2) Whether to use mahout package for existing implementations of sparse
matrices format or create my own implementation, based on their approach? I
think it won't take much time to create formats and writables, and less
dependencies will be brought to hama project.
Now I am working on creating abstract interfaces for different formats of
matrices. Here are some basic concepts:
1) Create class MatrixCell. It will have next fields: row, column, value.
2) Create interface MatrixFormat. The class will give possibility to return
iterator for MatrixCell.

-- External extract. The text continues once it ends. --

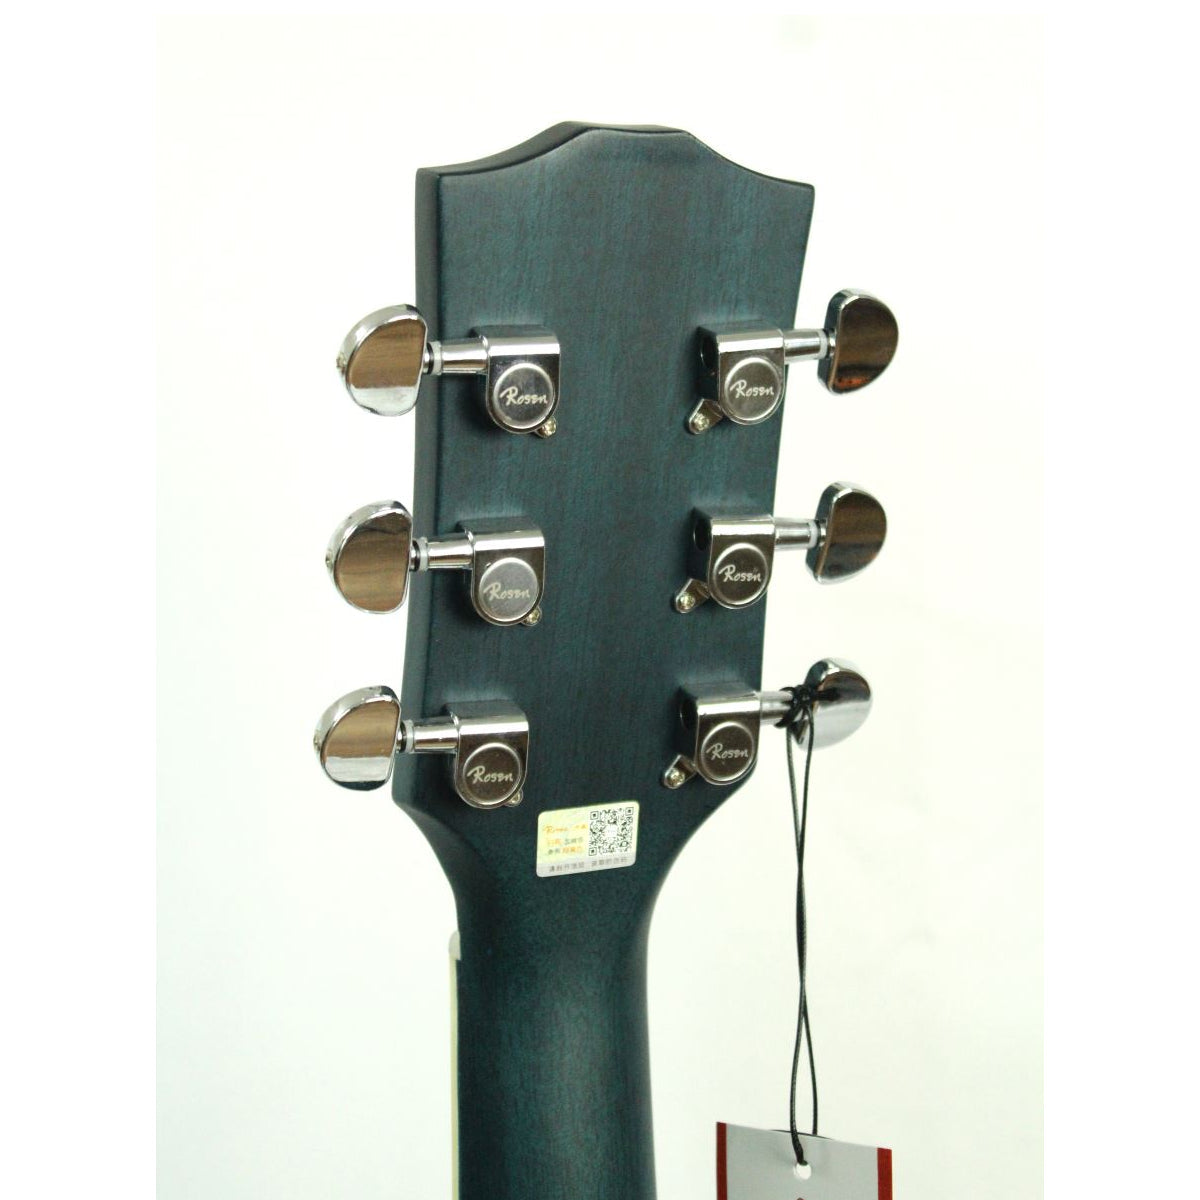 Đàn Guitar Acoustic Rosen G11SC (Full phụ kiện)-Việt Music

Also format will support adding MatrixCell.
3) Other custom formats like CRS and CCS should implement MatrixFormat.
4) Create interface Converter for conversion between different formats.
5) Create class BaseConverter which converts all formats without exploiting
internal data structures: iterates MatixCell from one matrix and sets it to
another.
6) Other converters will implement converter and will exploit internal data
structures of formats. To register some custom converters between two formats I
will use configuration: it will consist of class name of input format, class
name of output format, class name of converter.
7) Use reflection in time of conversion. If custom converter for formats can be
found, it will be used. Otherwise BaseConverter will be used .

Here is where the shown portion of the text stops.